Illinois Attorney General Lisa Madigan has announced that her office will be launching a criminal investigation into whether the Rauner administration improperly handled the Legionnaires’ disease crisis at the Illinois Veterans’ Home in Quincy, IL.
Were the Deaths Preventable?
Legionnaires’ disease – caused by deteriorating plumbing at the Quincy facility that created an environment for the growth of the waterborne bacteria – has caused the deaths of 13 veterans and sickened at least 61 others at the Illinois Veterans’ Home since 2015.
On October 3, 2018, Madigan’s office announced a criminal investigation into the response of Governor Bruce Rauner’s administration to Legionnaires’ disease crisis. The investigation follows a report by radio station WBEZ-FM 91.5 alleging that the administration withheld information from the public that potentially could have saved lives.
The State of Illinois has turned over nearly 50,000 emails to WBEZ since May in response to the station’s open records request for communications related to the crisis. According to the WBEZ report, the Rauner administration waited weeks and sometimes months to acknowledge individual cases of Legionnaires’ disease at the nursing facility.
“We are investigating whether any laws were violated in the response to the risks of and outbreak of Legionella at the Quincy Veterans’ Home, where many people died,” said a Madigan spokesperson. “There needs to be an investigation to determine if laws were violated and whether residents of the home, their families, veterans’ home staff, and the public were informed in a timely and appropriate manner.”
Emails Support Criticism of Rauner Administration
The report is far from the first to slight Rauner’s handling of the crisis. For years, his administration has received criticism for waiting to inform families and the public of the Legionnaires’ disease outbreak. The emails obtained by WBEZ, however, seemed to provide new, more concrete evidence of the Rauner administration’s delayed response in the matter.

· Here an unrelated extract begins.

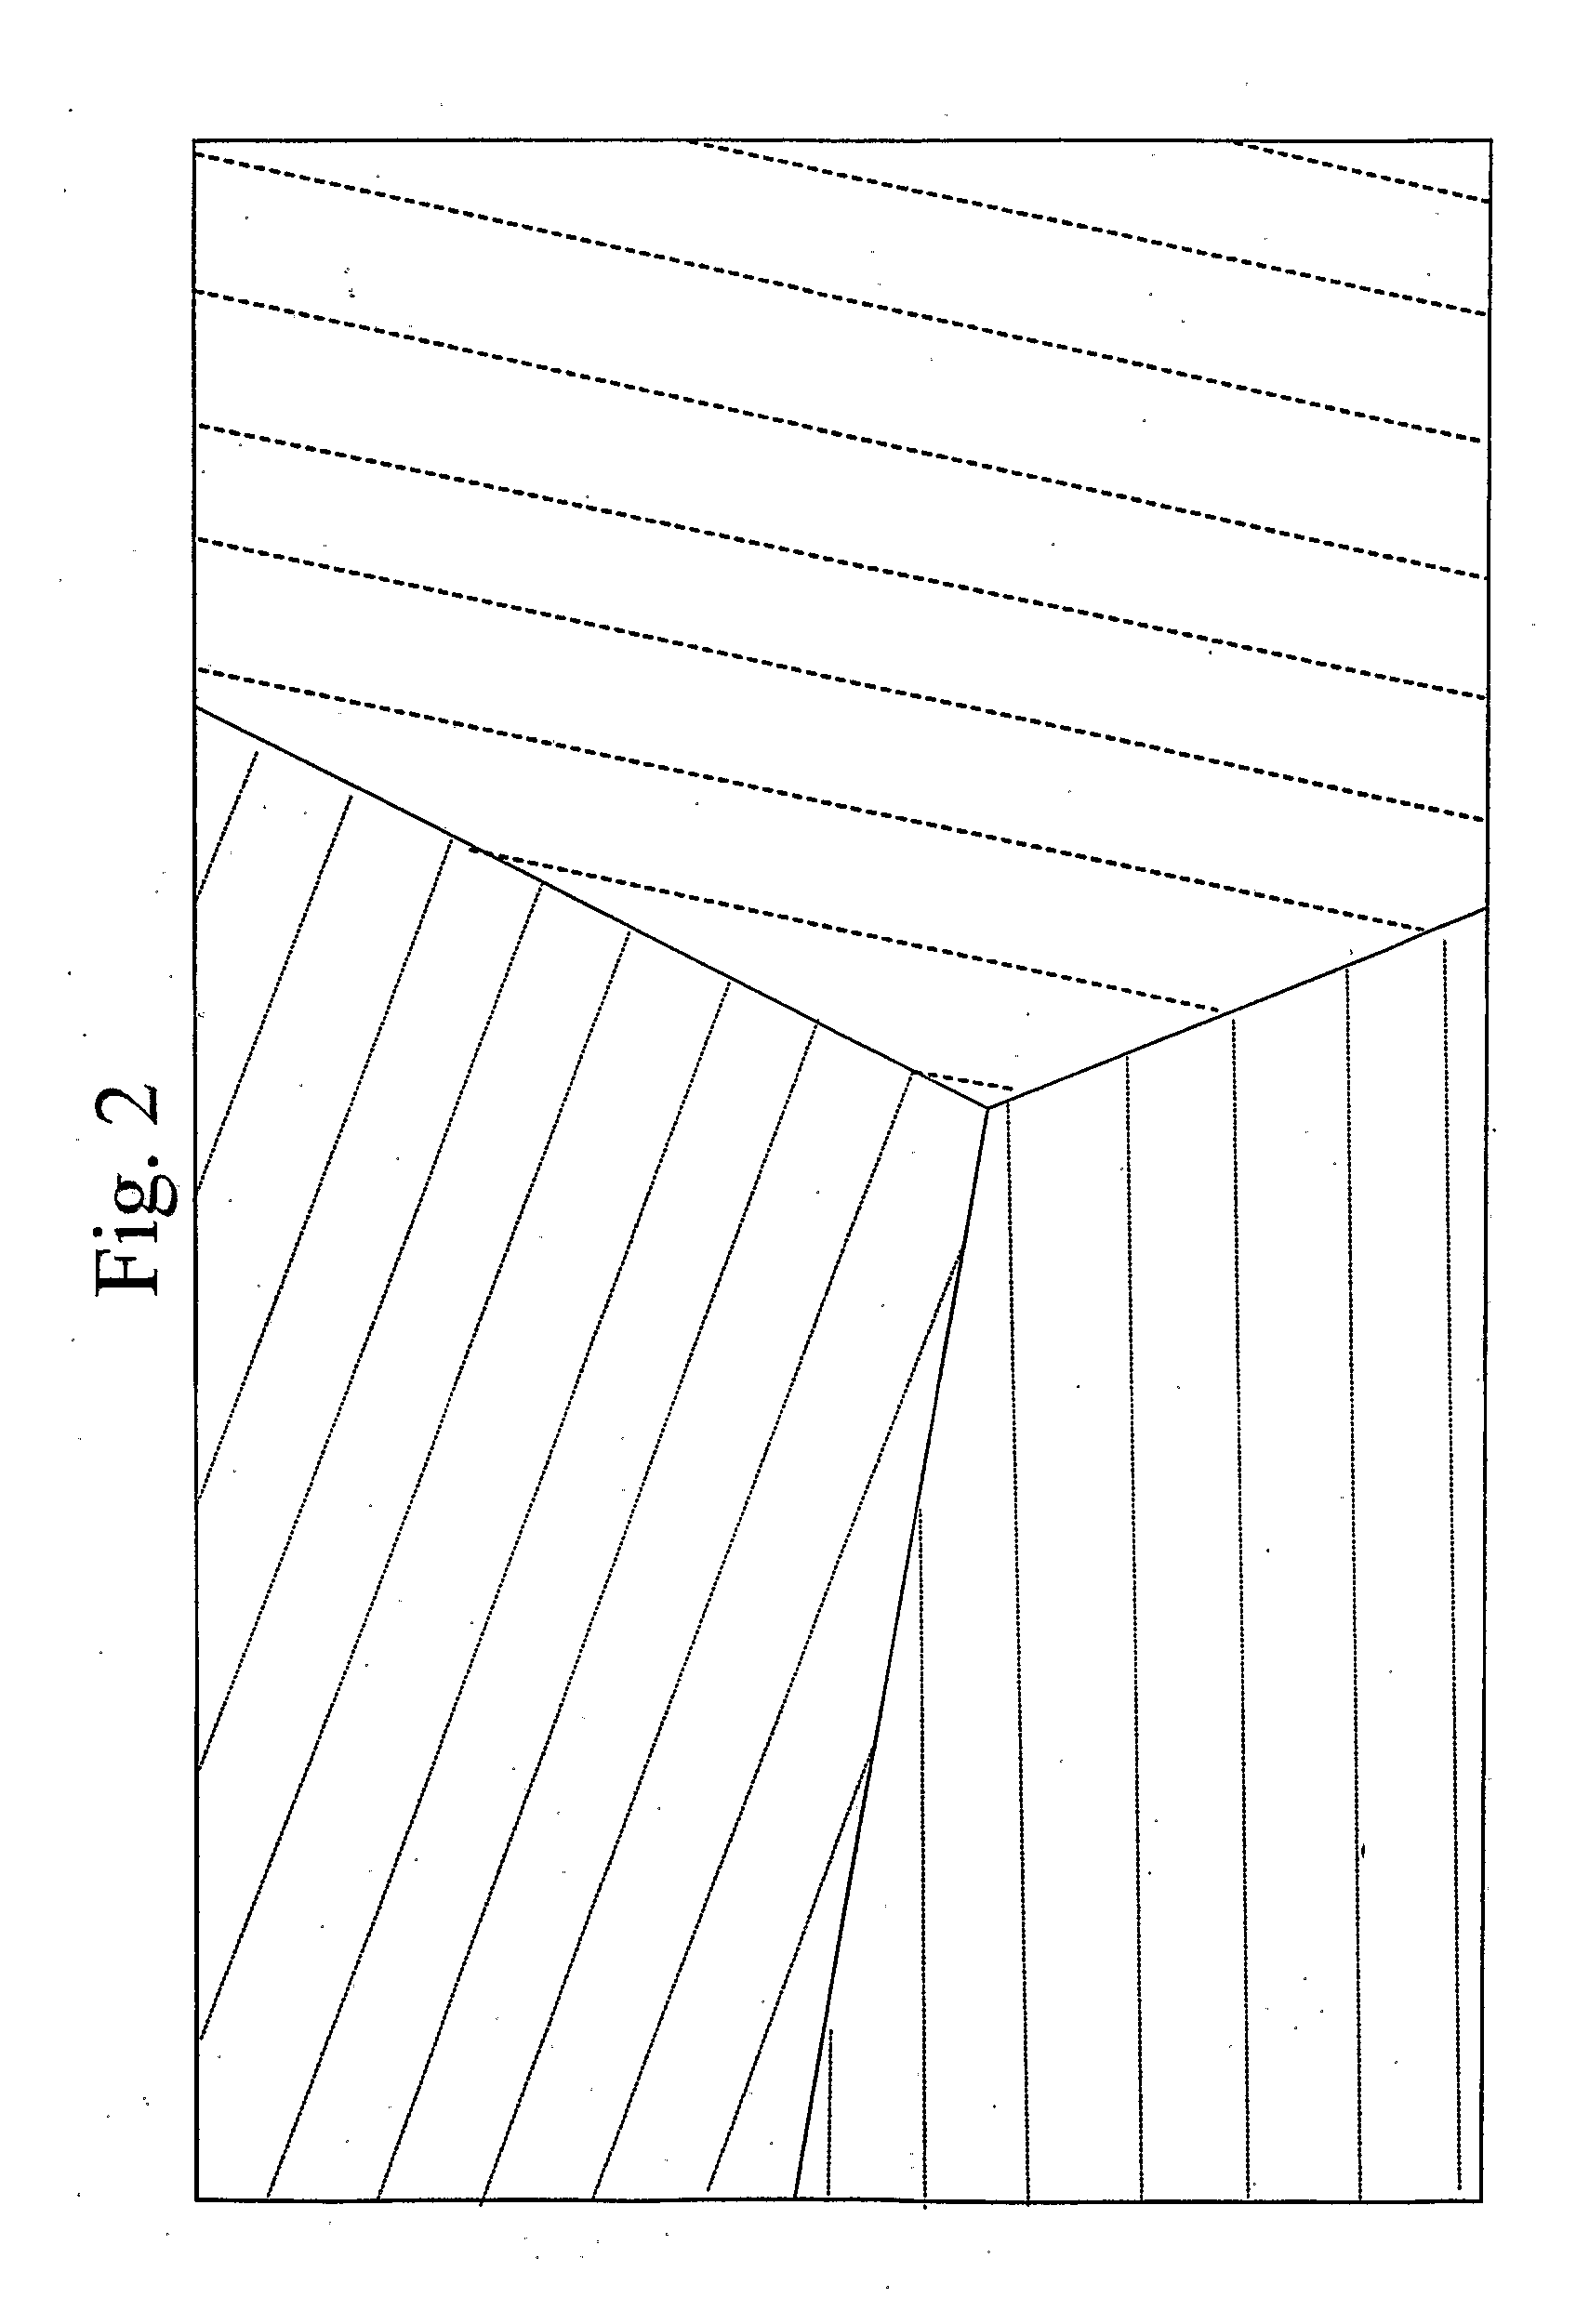 Method for Fabricating a Long-Range Ordered Periodic Array of Nano-Features, and Articles Comprising Same

For example, in one email to state officials, former Rauner aide Lindsay Walters wrote, “I do not think we need to issue a statement to the media. Let’s hold and see if we receive any reporter inquiries.”
Prior to the announcement by the Attorney General’s Office, Democratic Sen. Tom Cullerton issued a statement that compared the outbreak to the water crisis in Flint, MI and called for an investigation into possible “criminal neglect.”
“Gov. Bruce Rauner prioritized political games over the lives of our US servicemen and women and staff at the state-run veterans’ home,” Cullerton said. “If residents, loved ones, and staff had all of the facts, better decisions could have been made that would have saved lives.”
The announcement from Madigan’s office came hours before the second gubernatorial debate, in which Democrat JB Pritzker slammed Rauner, saying that he and his administration should be held accountable and that the families of the victims “deserve justice.”
For his part, Rauner denied any mismanagement and claimed that “We took action immediately to protect our veterans and our staff.”
According to Madigan’s office, there is no timeline for how long the investigation will take, and it remains unclear whether it will be completed before the election on November 6.
Surviving family members of the veterans have filed twelve separate claims against the state government for negligence. However, Illinois law requires such cases to be filed through the Court of Claims system, which caps the maximum award at $100,000.00.
Recent legislation passed by the Illinois General Assembly, largely in response to the Legionnaires’ disease outbreak, would have raised the cap to $2 million in most cases – but it was vetoed by Gov. Rauner.